Source data –
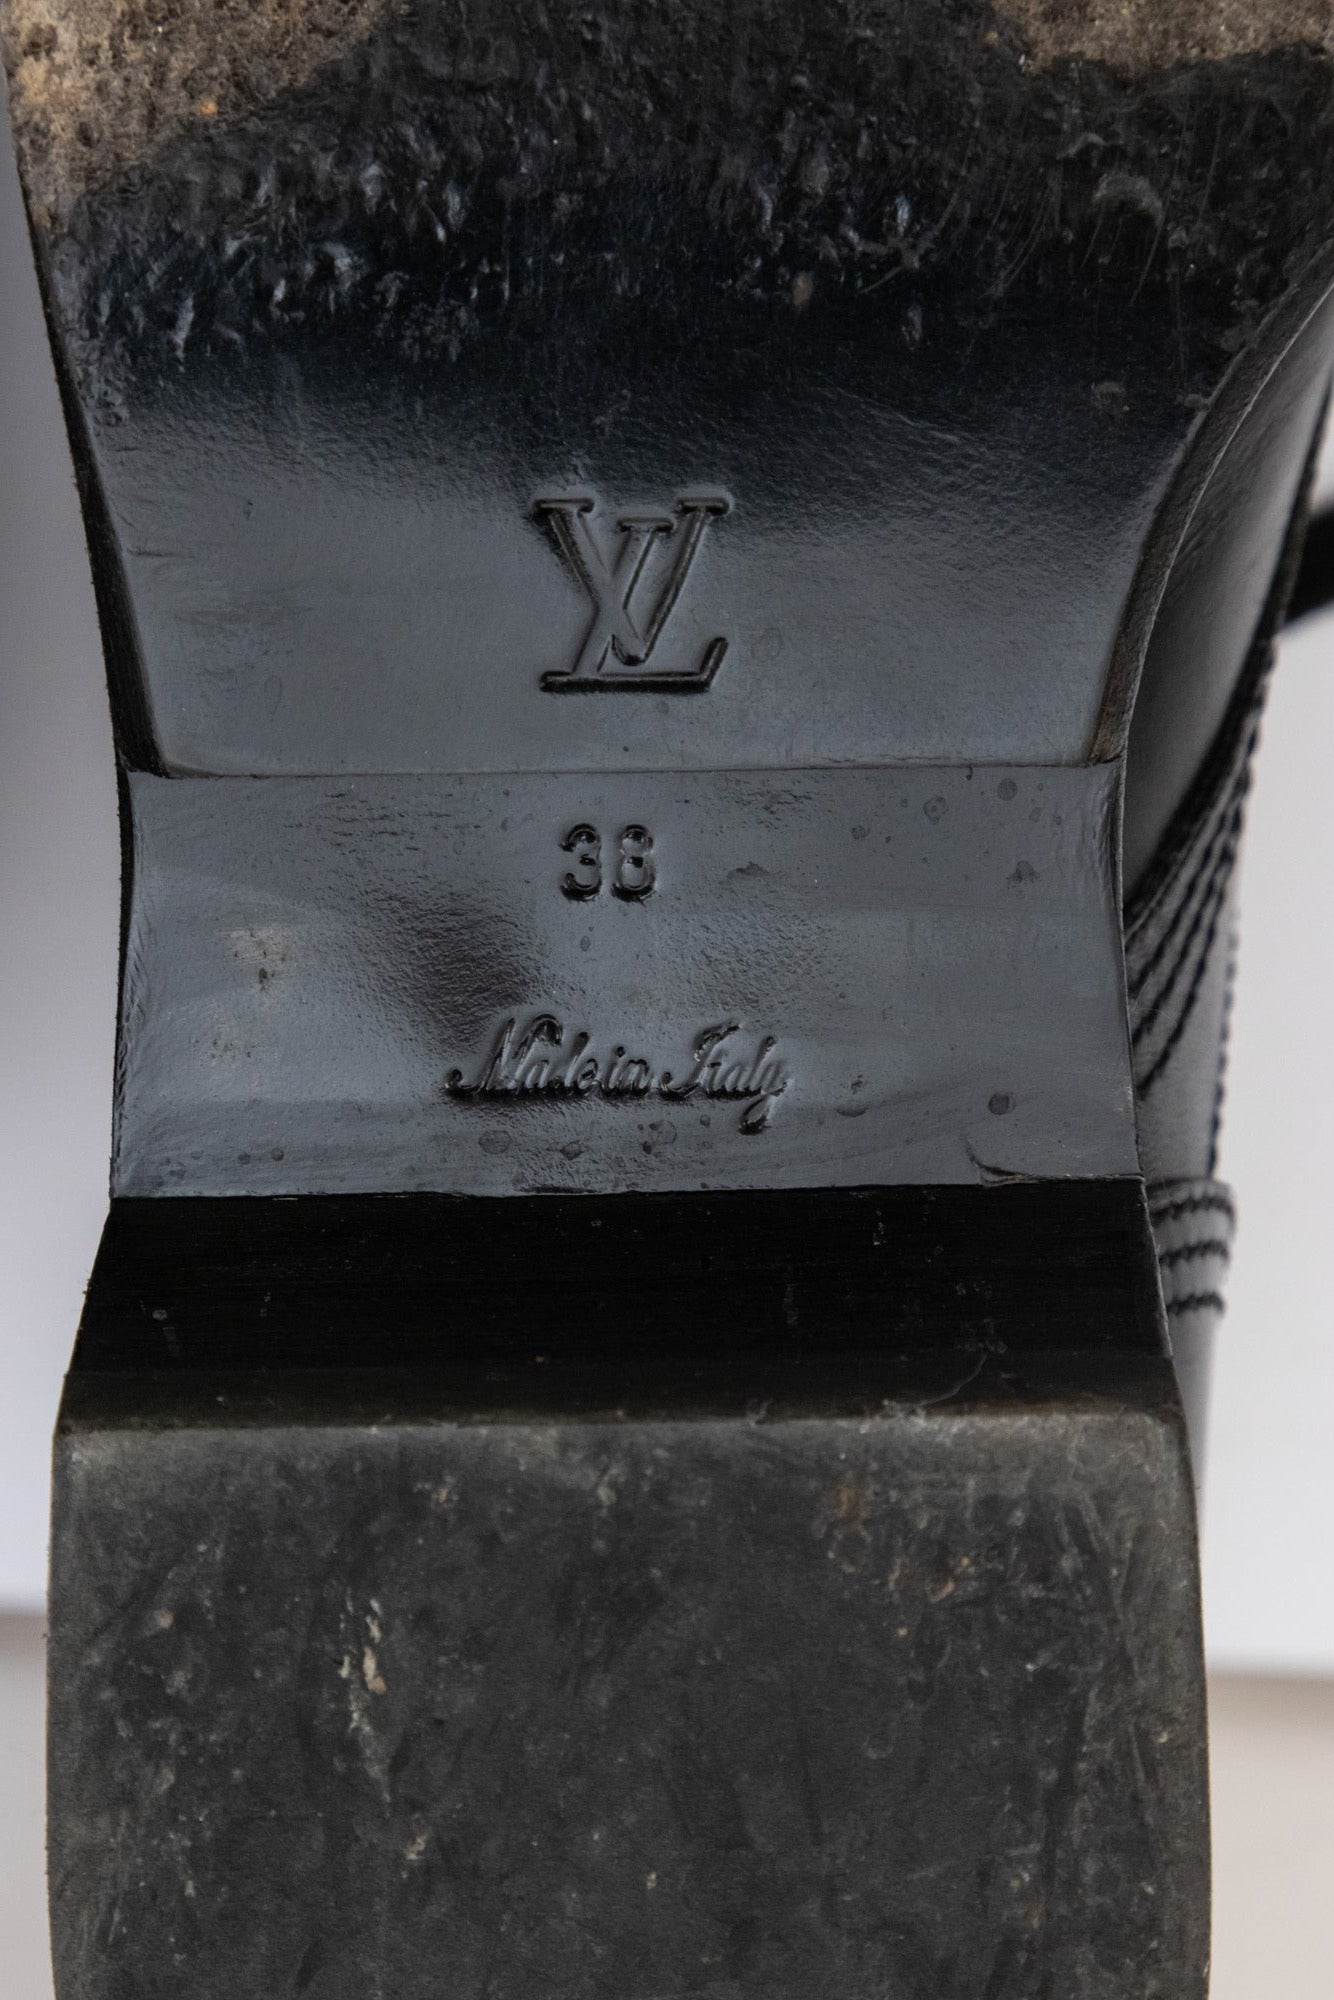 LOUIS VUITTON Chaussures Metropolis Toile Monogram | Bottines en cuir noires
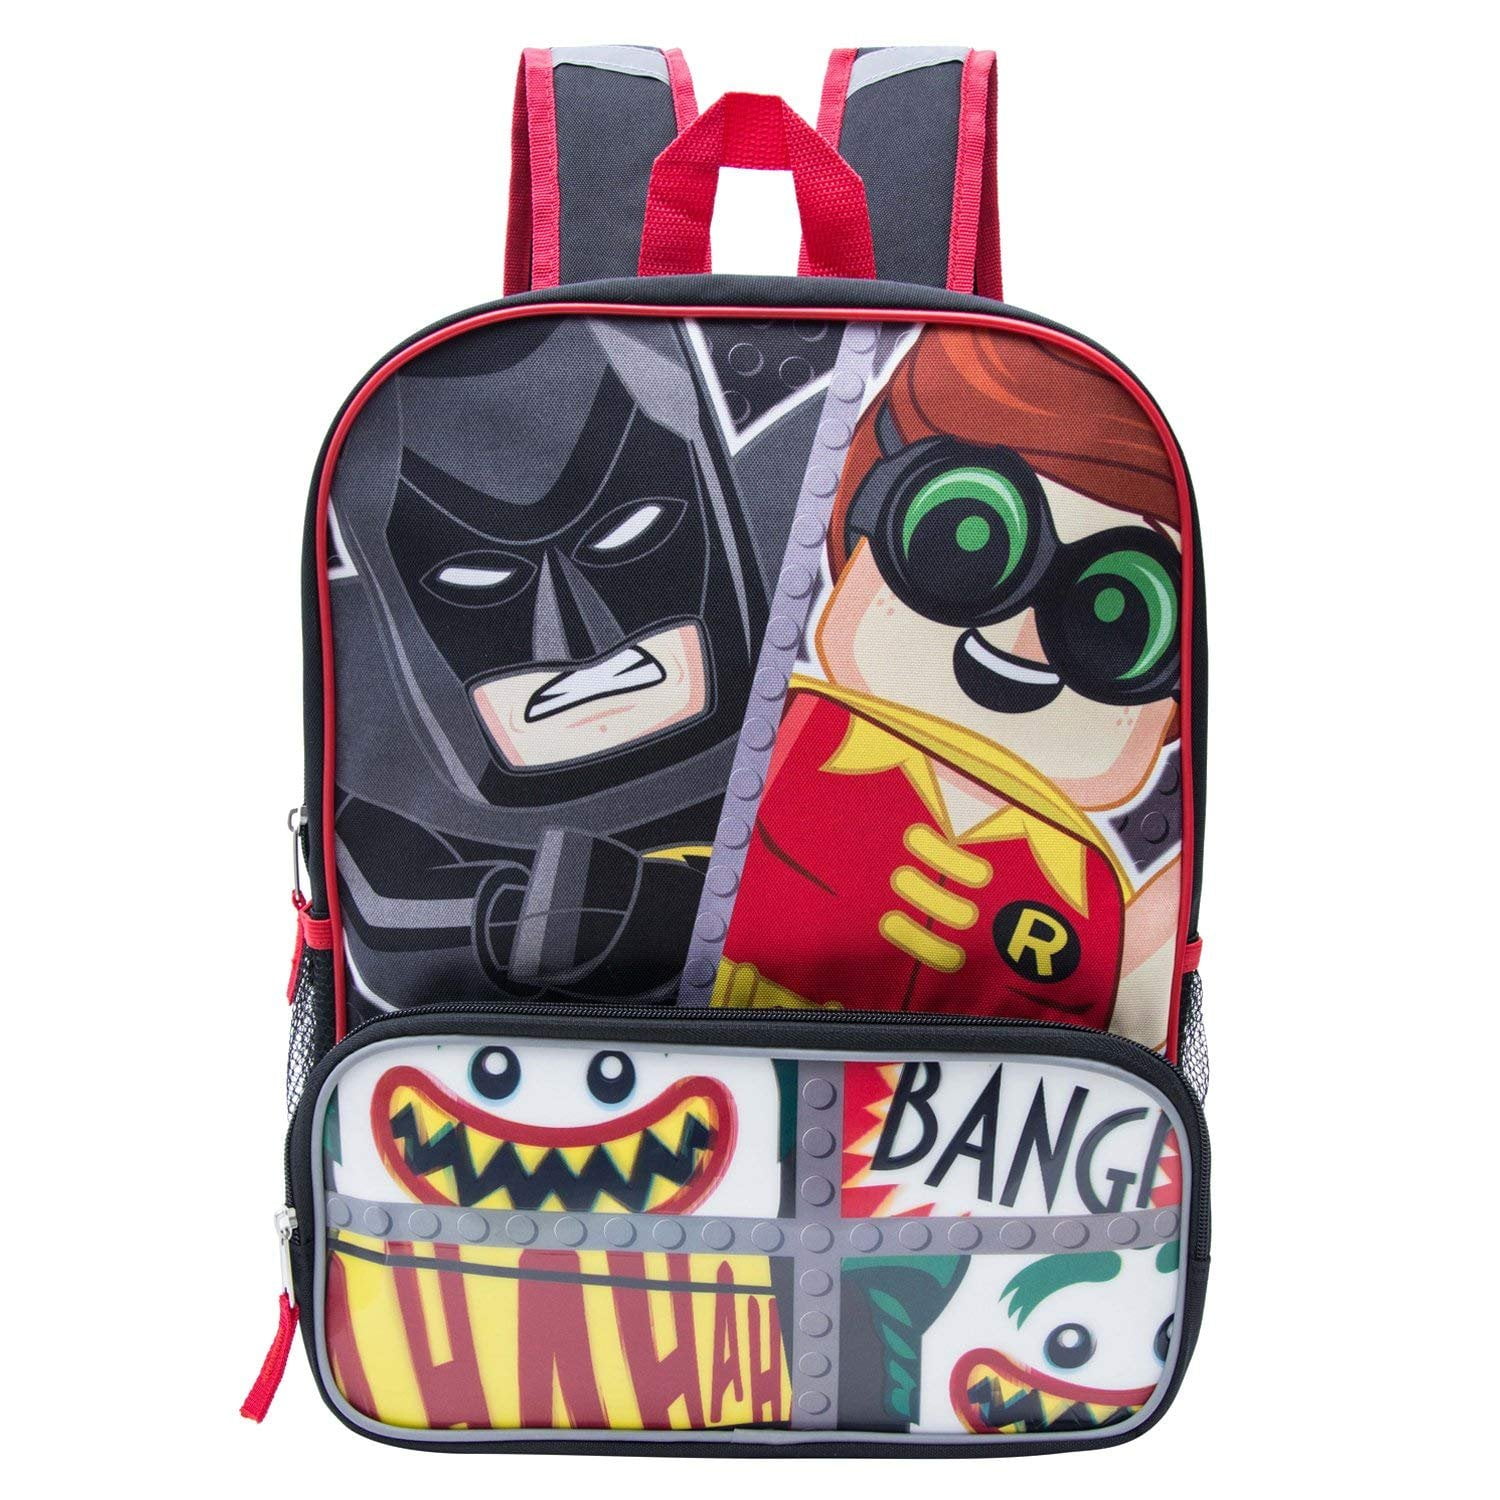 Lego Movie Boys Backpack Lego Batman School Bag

...

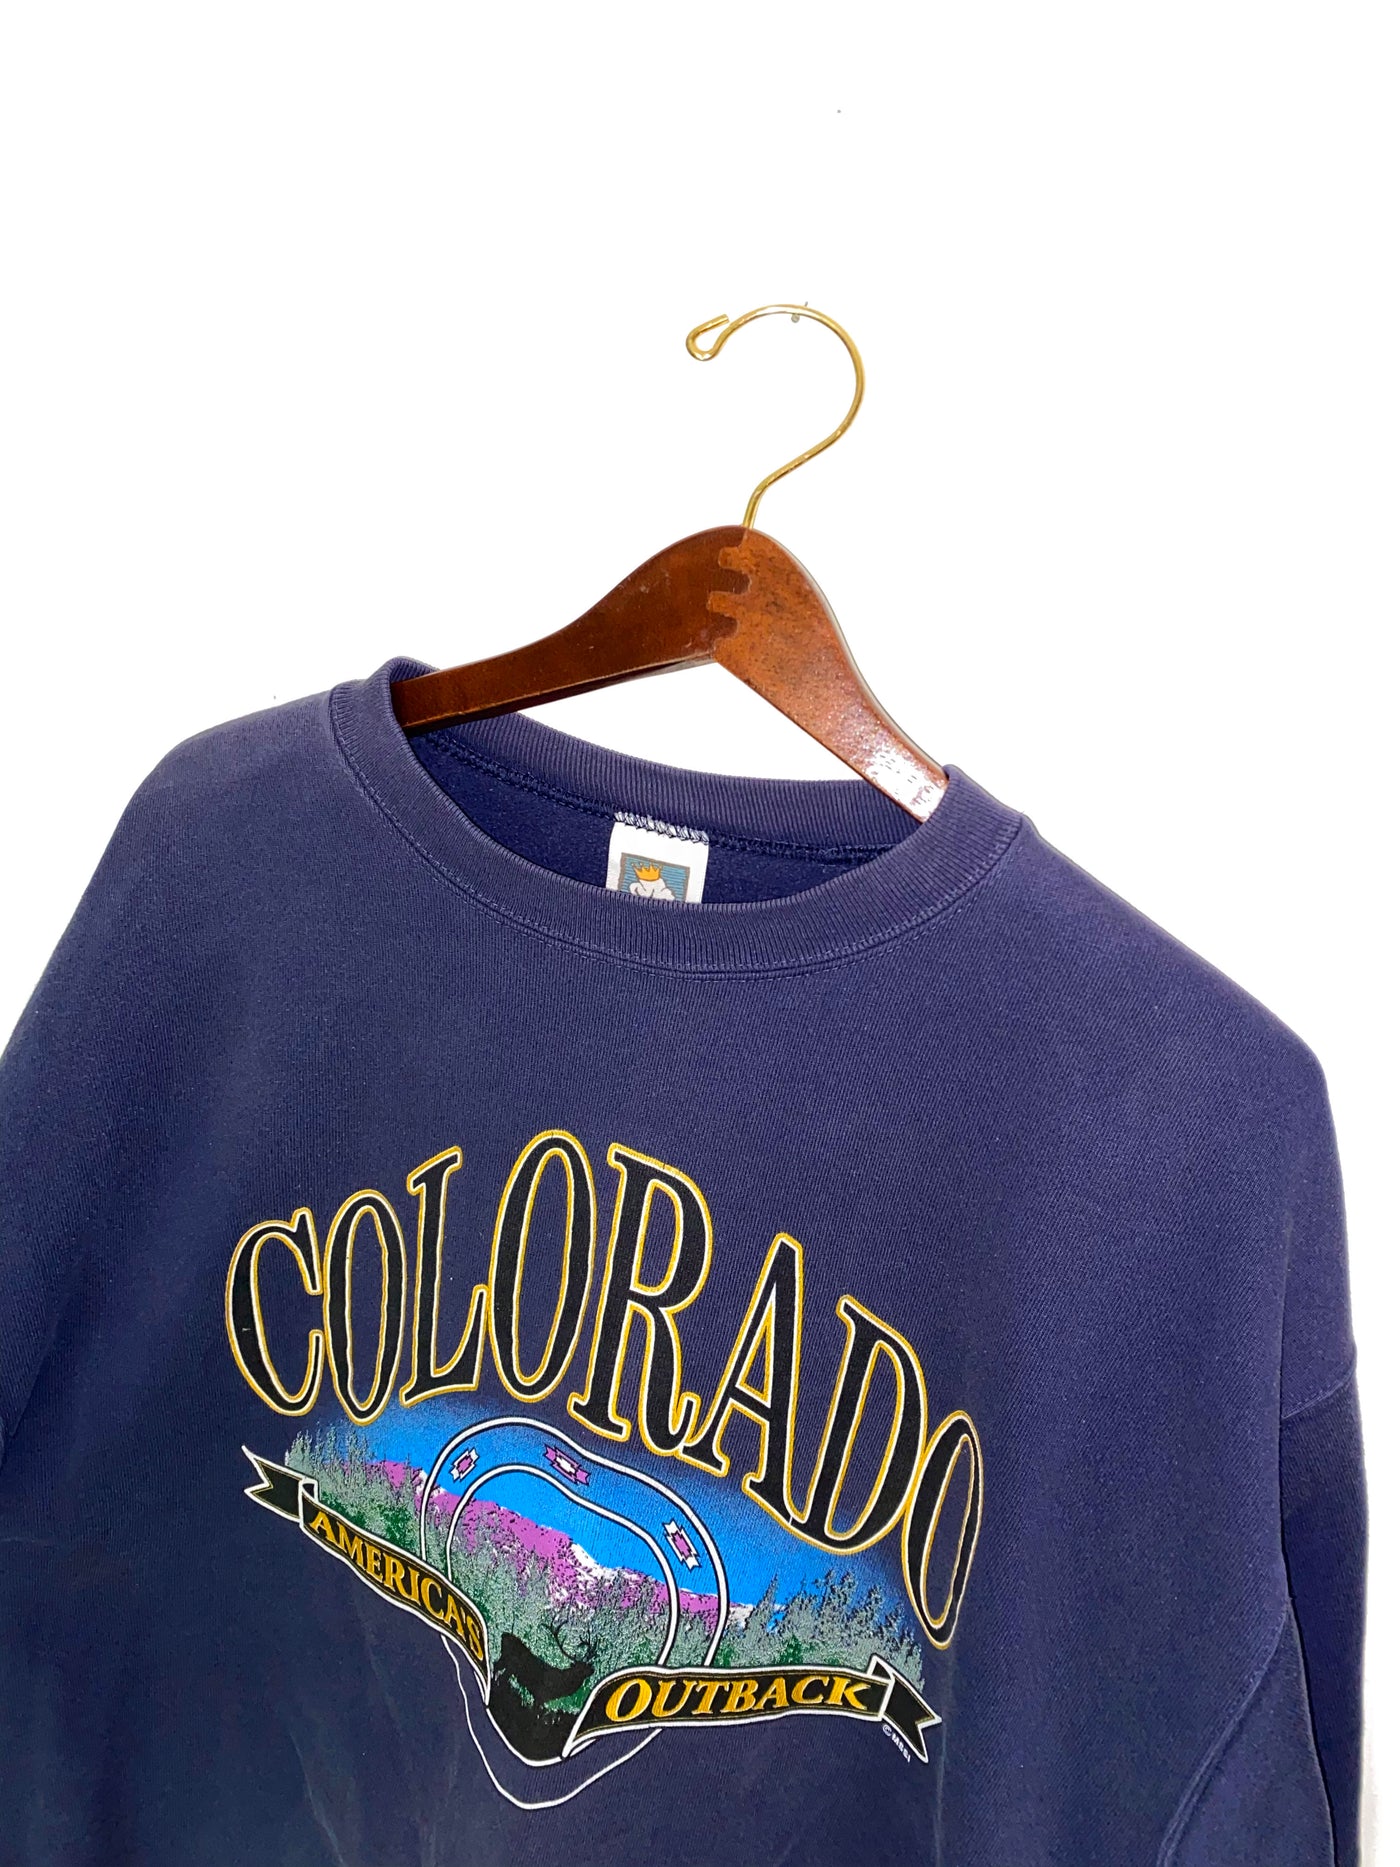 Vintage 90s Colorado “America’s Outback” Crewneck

==

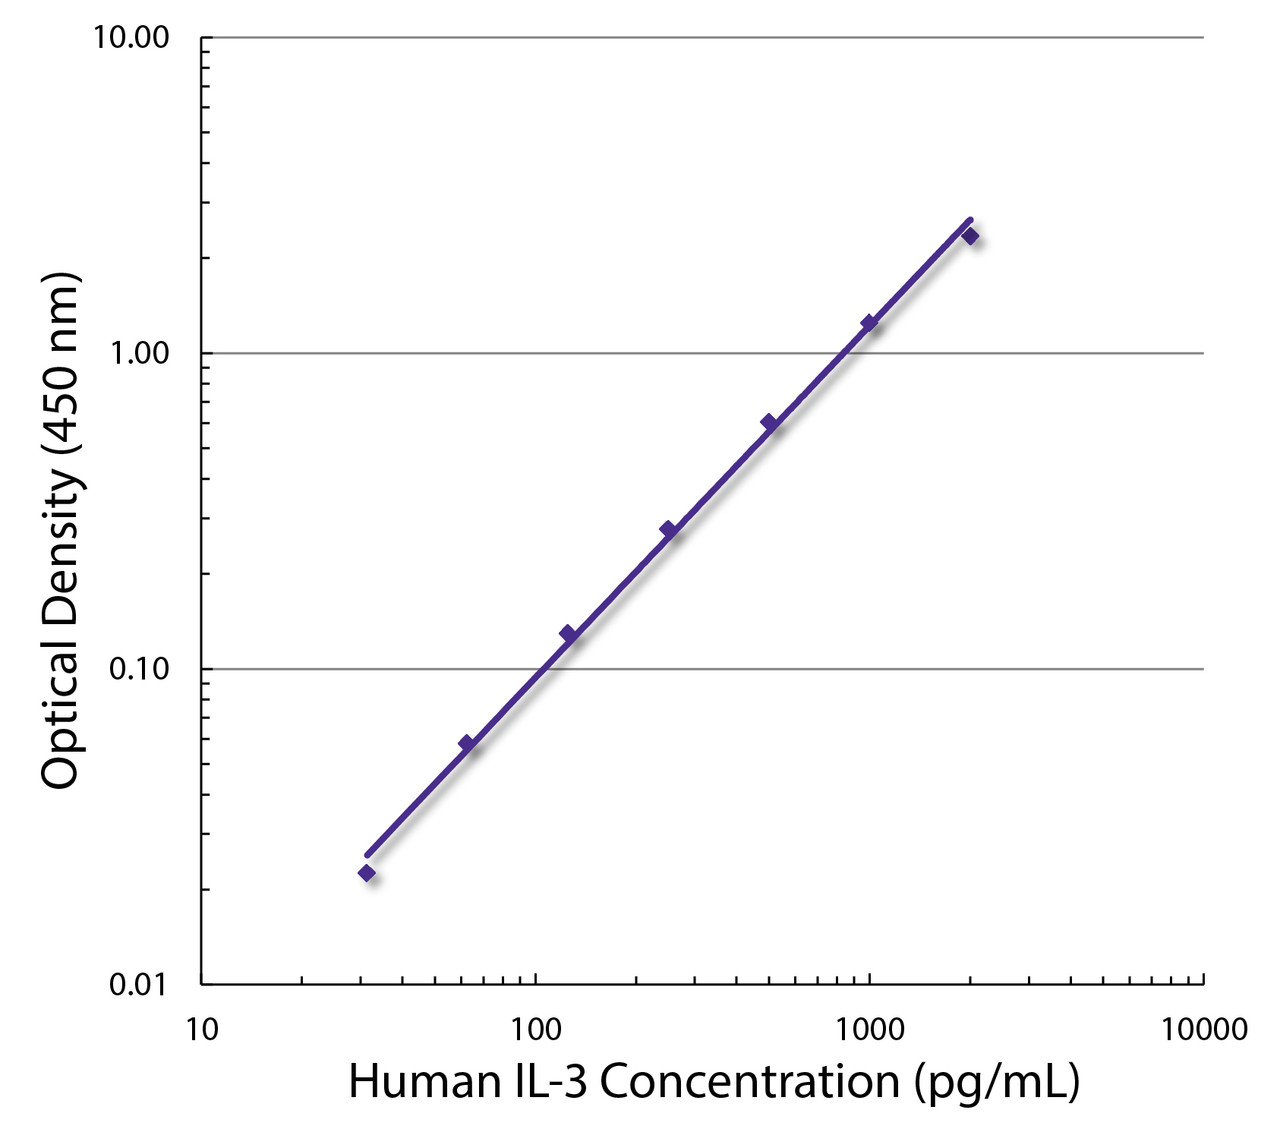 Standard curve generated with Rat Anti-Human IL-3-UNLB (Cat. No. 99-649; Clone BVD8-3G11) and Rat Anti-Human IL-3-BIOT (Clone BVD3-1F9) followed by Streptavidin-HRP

Task statement –
Reproduce the listing above exactly from the line containing "LOUIS VUITTON Chaussures" up to and including the line containing "Lego Movie Boys", omitting any images and everything outside those lines.

Exercise response –
 LOUIS VUITTON Chaussures Metropolis Toile Monogram | Bottines en cuir noires
 Lego Movie Boys Backpack Lego Batman School Bag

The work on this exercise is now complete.